# Data segment:
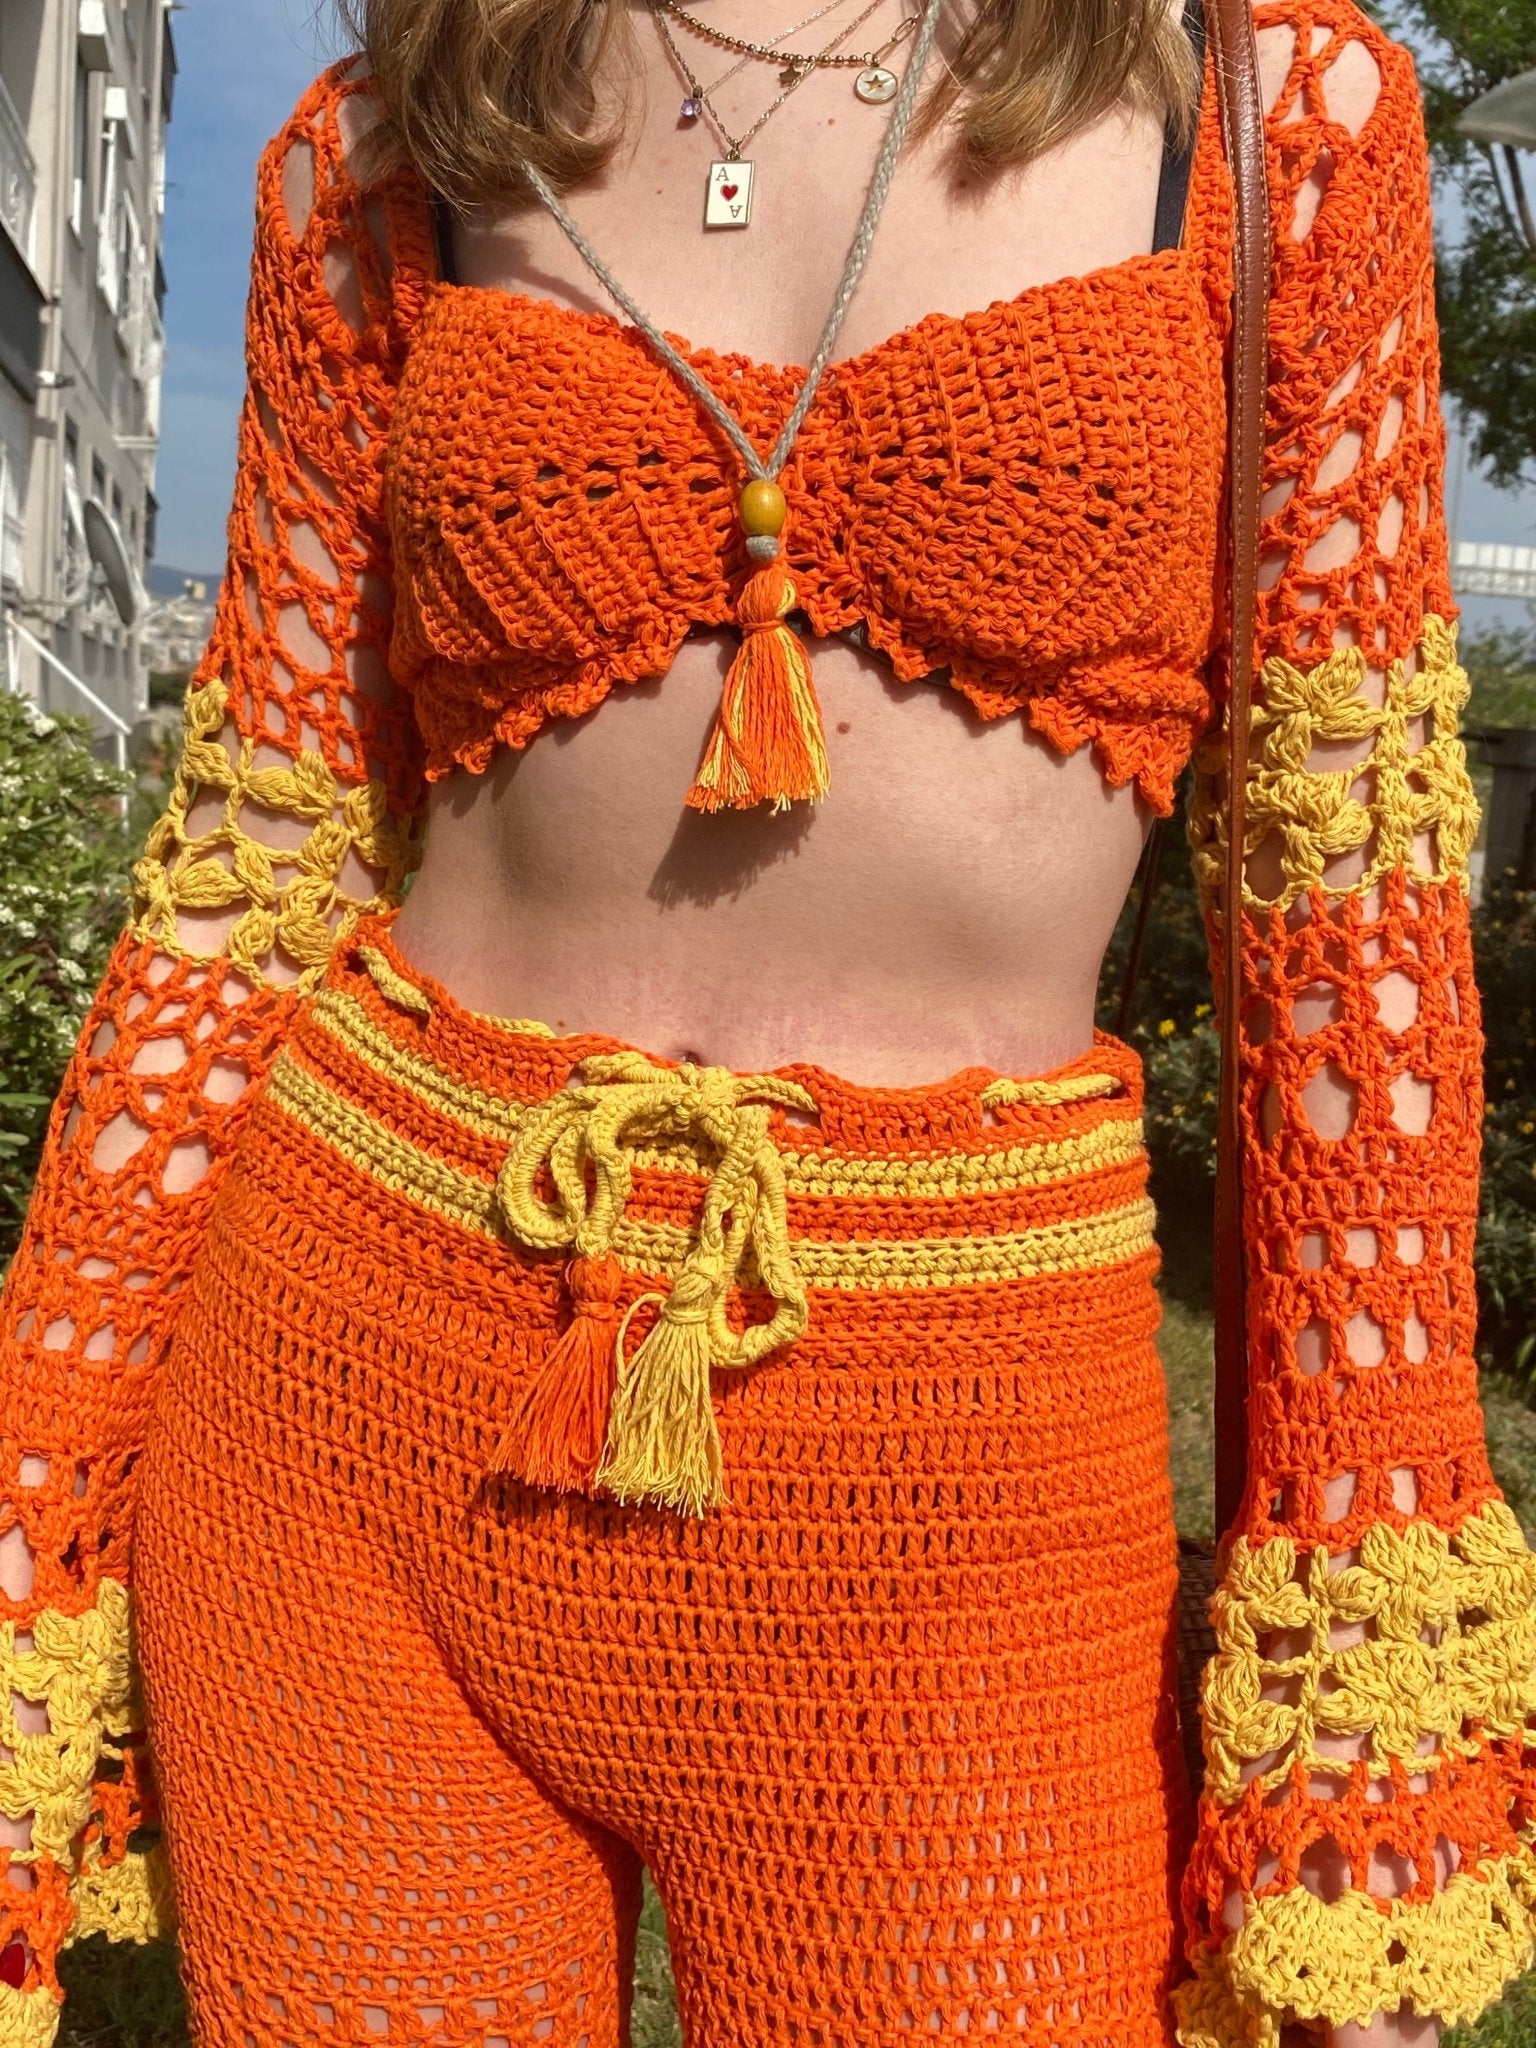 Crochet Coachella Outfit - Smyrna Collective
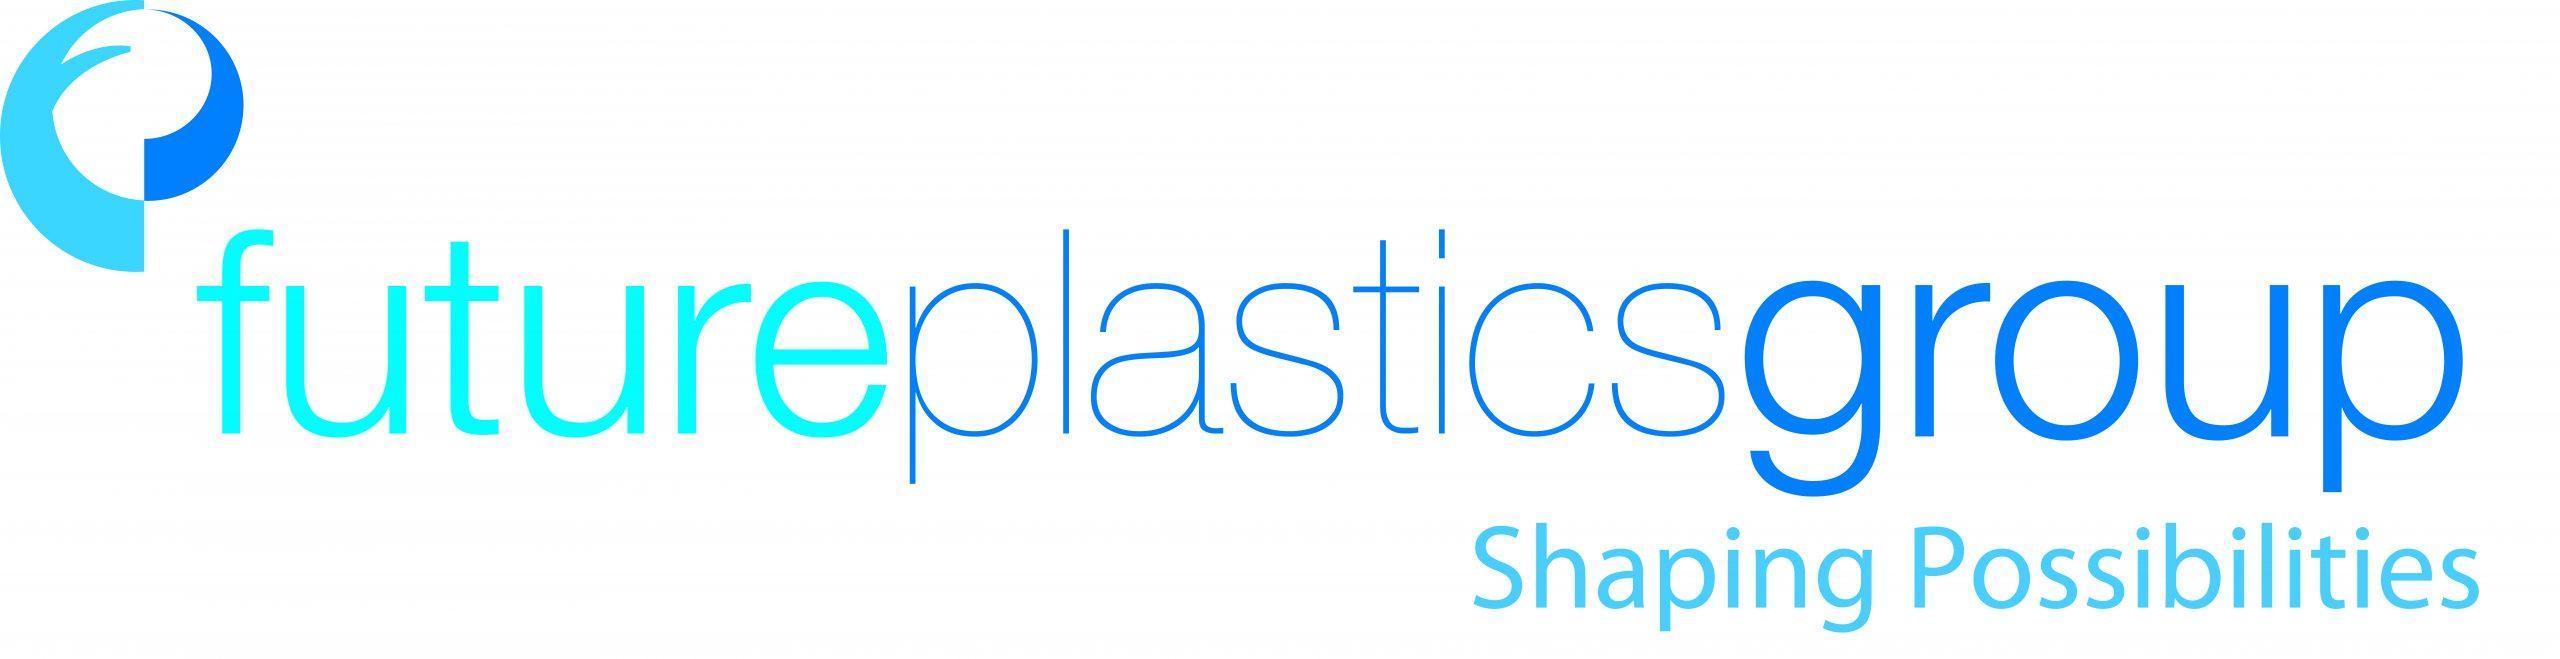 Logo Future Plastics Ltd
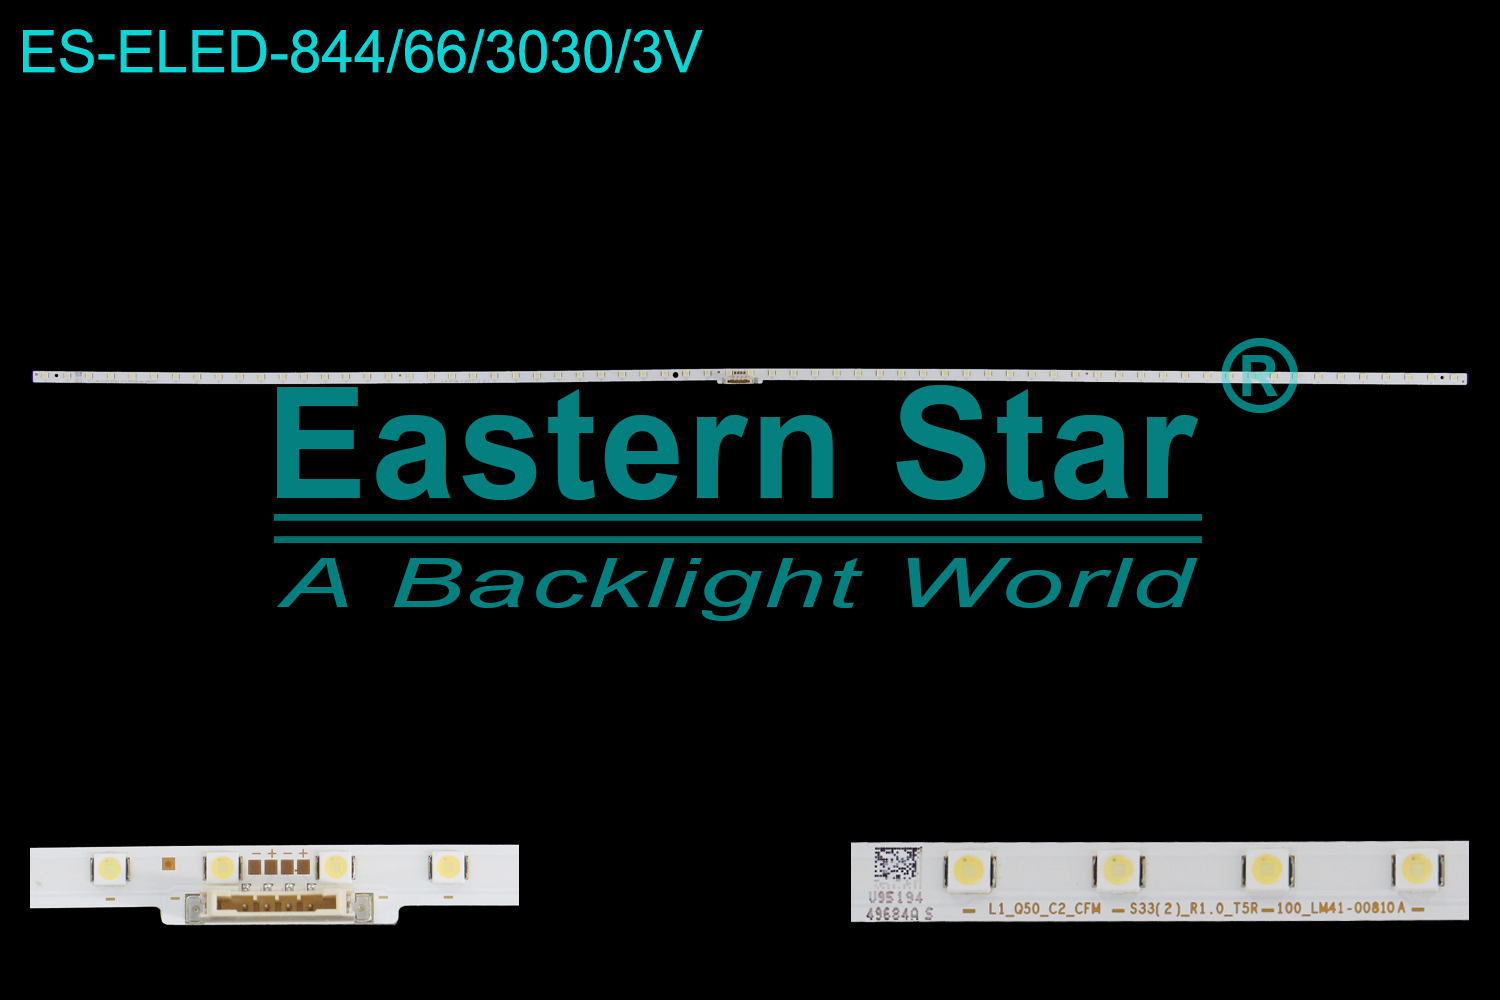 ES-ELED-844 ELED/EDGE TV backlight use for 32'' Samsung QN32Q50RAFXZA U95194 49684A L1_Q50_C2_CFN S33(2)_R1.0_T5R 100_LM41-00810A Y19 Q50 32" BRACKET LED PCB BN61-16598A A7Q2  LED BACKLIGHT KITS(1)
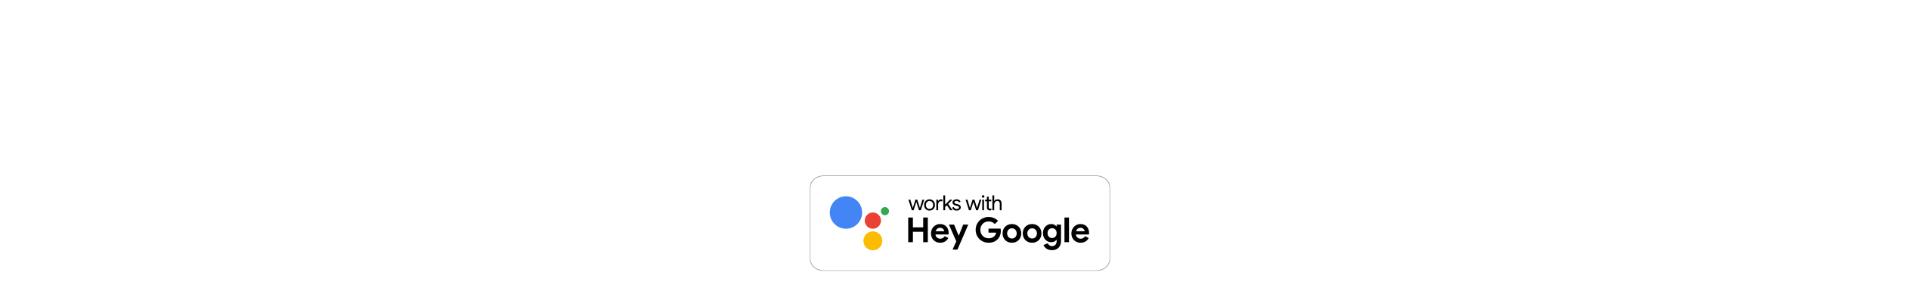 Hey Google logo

# Directions:
Take the whole listing above and copy it exactly. Pictures do not go into the copy.

# Answer area:
 Crochet Coachella Outfit - Smyrna Collective
 Logo Future Plastics Ltd
 ES-ELED-844 ELED/EDGE TV backlight use for 32'' Samsung QN32Q50RAFXZA U95194 49684A L1_Q50_C2_CFN S33(2)_R1.0_T5R 100_LM41-00810A Y19 Q50 32" BRACKET LED PCB BN61-16598A A7Q2  LED BACKLIGHT KITS(1)
 Hey Google logo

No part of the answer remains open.